253.30. The averaging of the variation in the taxable value of the eligible unit of assessment or business establishment shall be achieved by using, for the purpose of computing the taxes imposed for the first two fiscal years for which the roll concerned applies, an adjusted value instead of the taxable value entered on the roll.
The adjusted value is equal, in the case of an increase, to the sum of the values mentioned in subparagraphs 1 and 2 and, in the case of a decrease, to the difference obtained by subtracting the value mentioned in subparagraph 2 from the value mentioned in subparagraph 1:(1) the taxable value of the unit establishment entered on the roll in force on the day preceding the coming into force of the roll concerned pursuant to section 253.28;
(2) the value equal to one-third or two-thirds, according as the adjusted value is computed for the first or the second fiscal year, of the variation in value computed in accordance with section 253.28.

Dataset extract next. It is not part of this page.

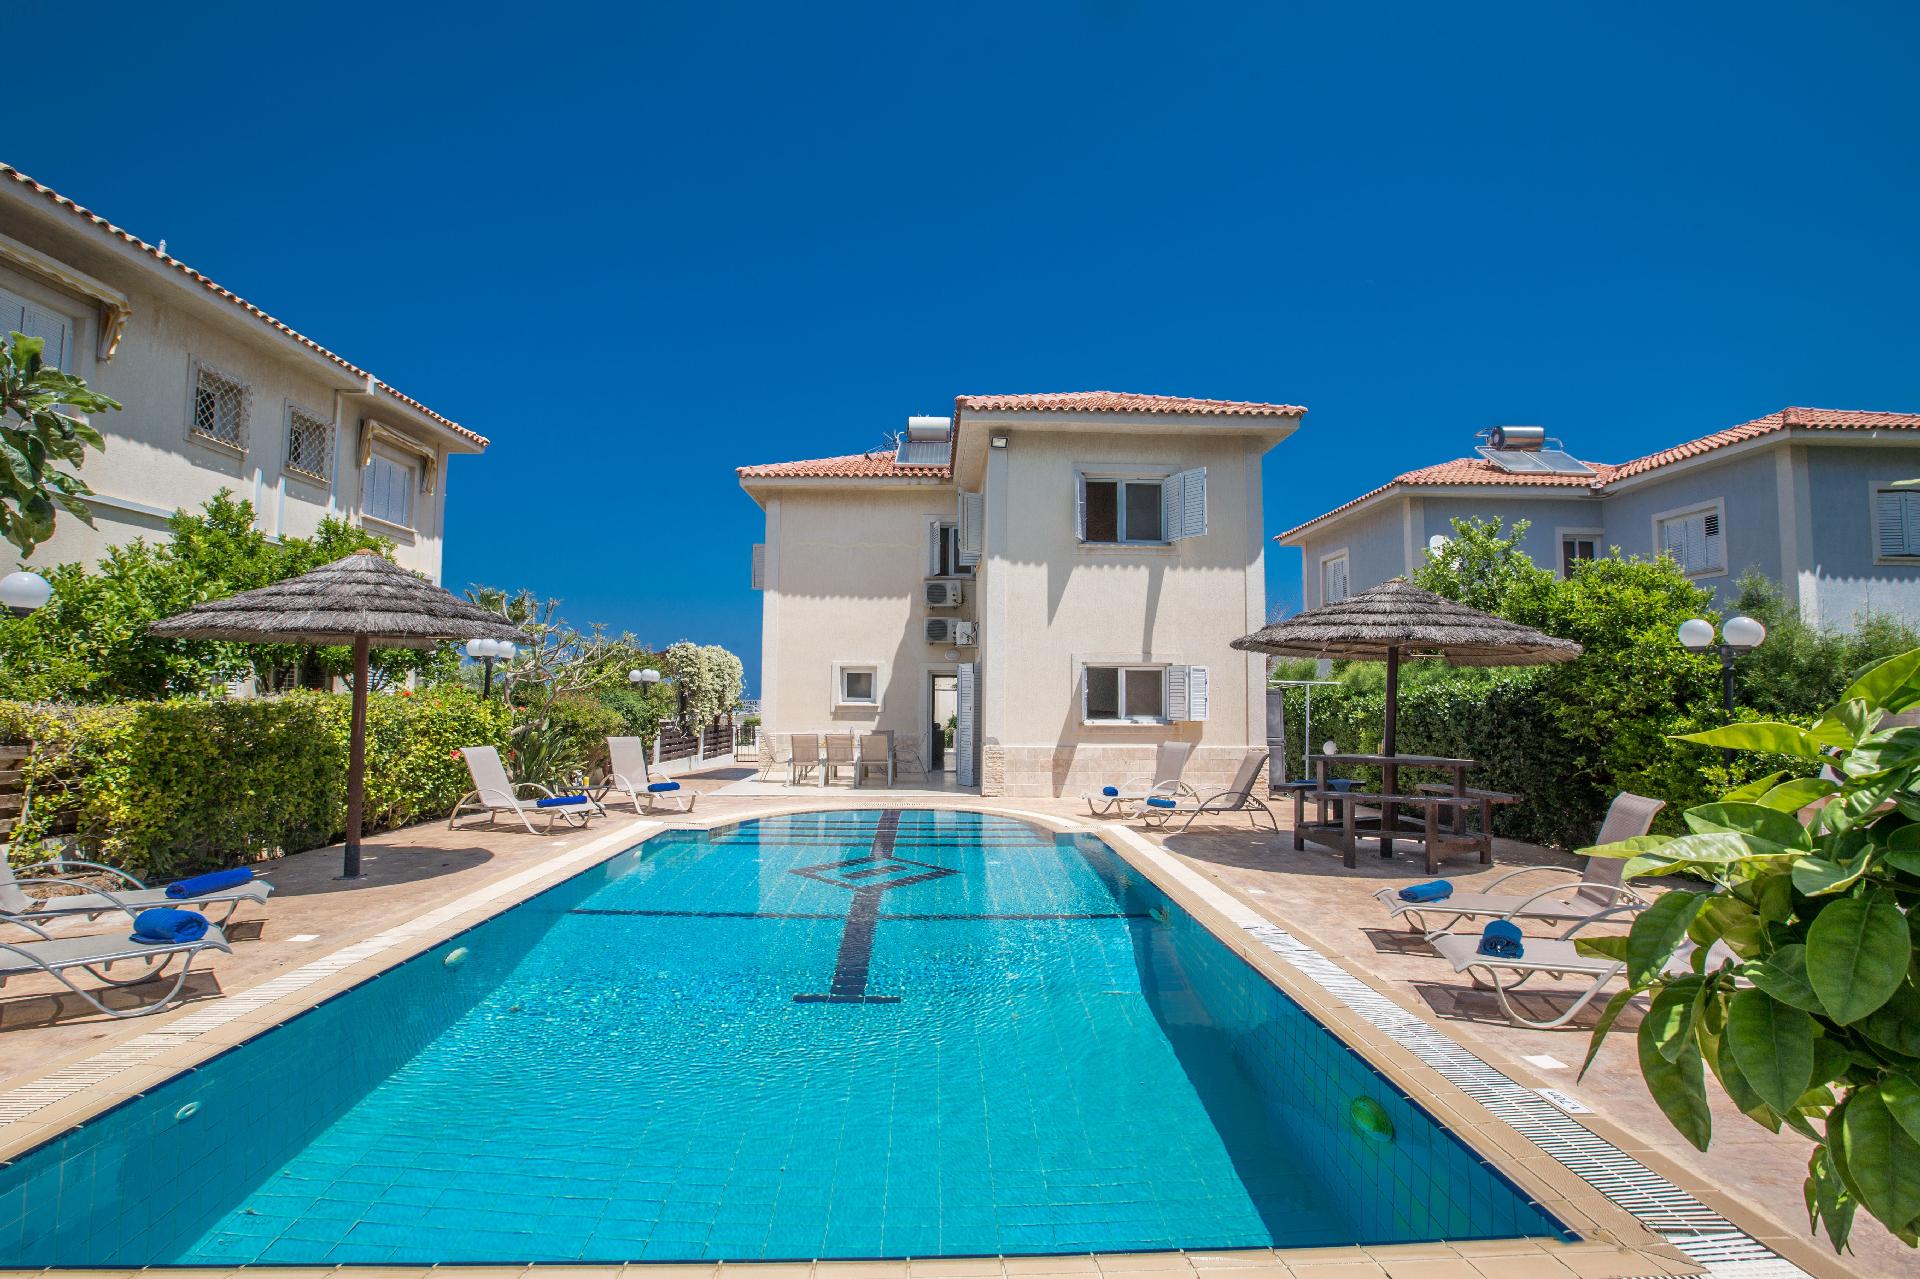 Ferienhaus mit Privatpool für 9 Personen ca.  Ferienhaus in Zypern

Where the roll concerned is prepared only for two fiscal years in the case referred to in the second paragraph of section 72, the adjusted value shall be used only for the purpose of computing the taxes imposed for the first fiscal year, and the proportion of the variation in value referred to in subparagraph 2 of the second paragraph is one-half instead of one-third or two-thirds.
1988, c. 76, s. 78; 1991, c. 32, s. 141; 1999, c. 40, s. 133.